= TasWireless =

TasWireless is a group of wireless networking enthusiasts in Tasmania, Australia. Between them they have set up wireless community networks in both Hobart and Launceston. The group has gone through many names, tas.air, www.tas.air.net.au, TPAN (Tasmanian Public Airwave Network) and now TasWireless.

With users from several different backgrounds, including computer networking, amateur radio, amateur television, programming, Linux/BSD server administration, antenna and satellite dish installations, and lots more, they are willing to assist with any community networks in any part of the state.

==Introduction ==
The TasWireless site was first started in 1999. It started as a splitter group from TasLUG, the Tasmanian Linux Users Group. There was only a small number of people who were interested in wireless networking at this time, less than five each in Hobart and Launceston. A node database ( ) for Tasmanian regions was started, the mailing list was put on line, but due to the lack of practical experience and knowledge, very little happened. The cost of Wi-Fi cards and wireless access points was also a problem.
In early 2002, a flood of cheap SkyNet Global 802.11b PC card cards flooded the market. These cards were liquidated stock and cost around A$50-60 each - the average retail price was still around A$200. A lot of these cards were shipped to the state and distributed (both by TasWireless admins and otherwise).

== Wireless networks in Hobart ==
The predominant network in Hobart is called StarNet. This was started as a private network by a small group of amateur radio enthusiasts, around April 2002. It included around six or seven sites.
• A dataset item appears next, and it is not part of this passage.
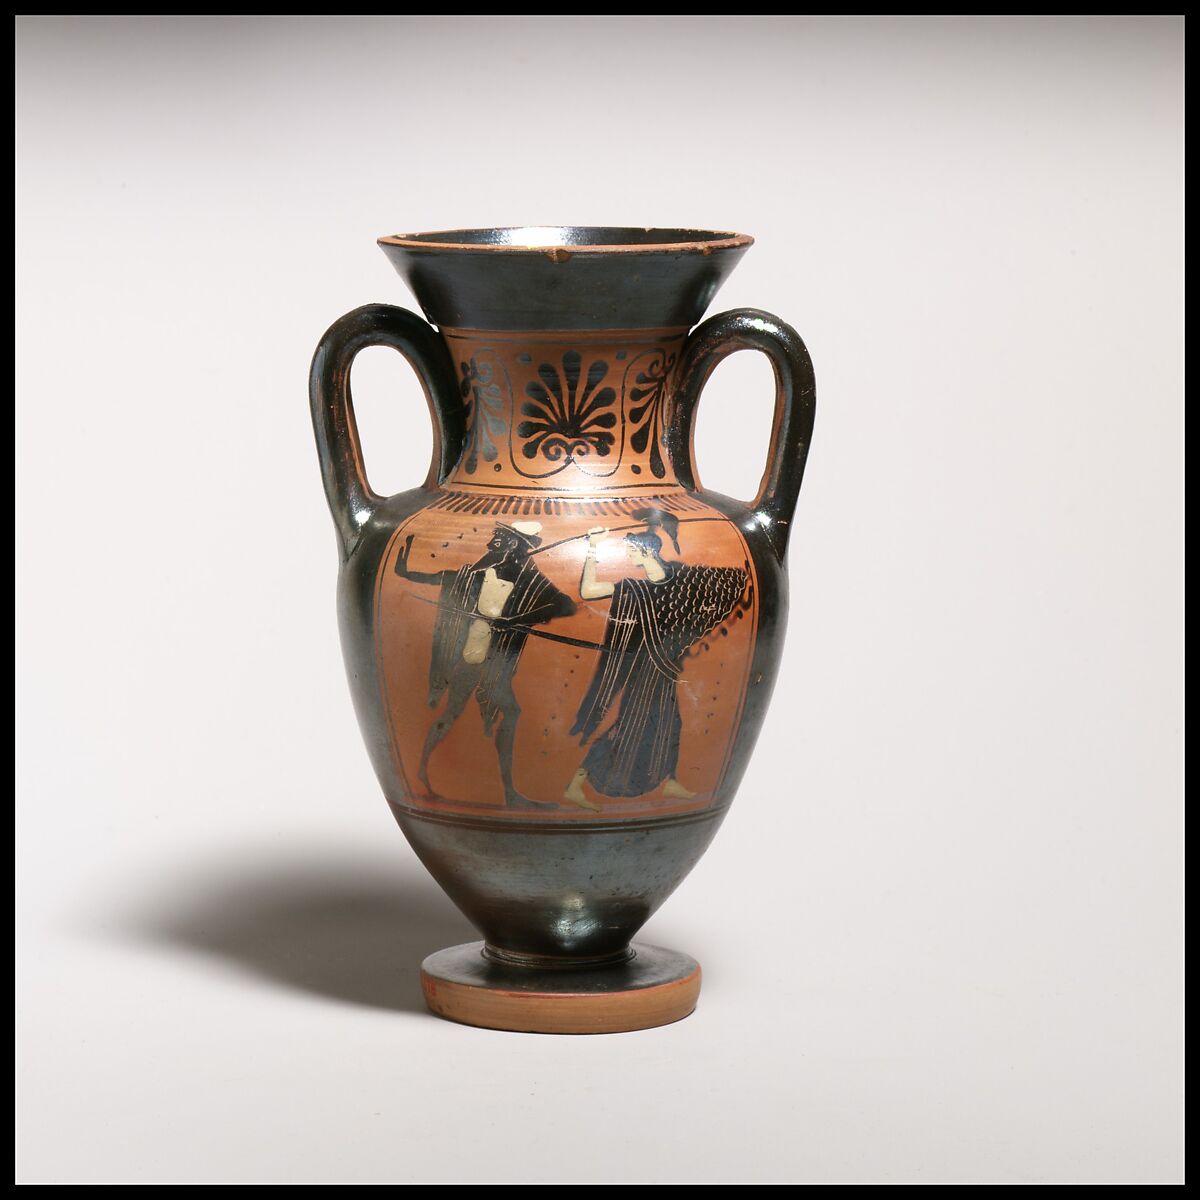 Terracotta neck-amphora (jar) with double handles, Attributed to the Diosphos Painter, Terracotta, Greek, Attic

In April 2003, an operator of the TasWireless website stumbled upon one of their nodes, with SSID StarNet, and posted his find to the mailing list.

As a result, all users involved were able to share knowledge and make some minor changes to the network routing.
Another network RexNet, based in Kingston was also found; they had already been working with the StarNet group to eventually join the networks.

In mid-2003, various 802.11b wireless access points appeared on the market at low prices - Svec and Minitar brand access points were selling for around $100. This made setting up nodes easier, as the compatibility issues between various brands of PCI cradles, PC cards, and operating systems caused some problems.

By the start of March 2004, there were around 25 nodes on StarNet, reaching from Tea Tree, Otago, Rosetta, Lutana, Glenorchy, Moonah, Lindisfarne, Lenah Valley, Bellerive, Acton, Tranmere, Sandy Bay and Kingston.

== Wireless networks in Launceston ==
Wireless networks in Launceston were a lot slower to take off than in Hobart, but is to be expected with a smaller population. Several small peer-to-peer links were tested, but no major infrastructure was rolled out.

At the end of January 2004, two groups appeared, around the same time. One group was unnamed (though was working under the TasWireless name), the other was called TasGrid.

Both groups currently have two major access points each with around 10-12 nodes being on each. Neither group appears to be very active at the present time.

 Launceston Wireless has started forming some connections to hopefully create a working citywide public network

== Wireless networks in the north-west ==
There are several people who have expressed interest in a wireless network on the north-west coast of Tasmania - however no networks currently exist.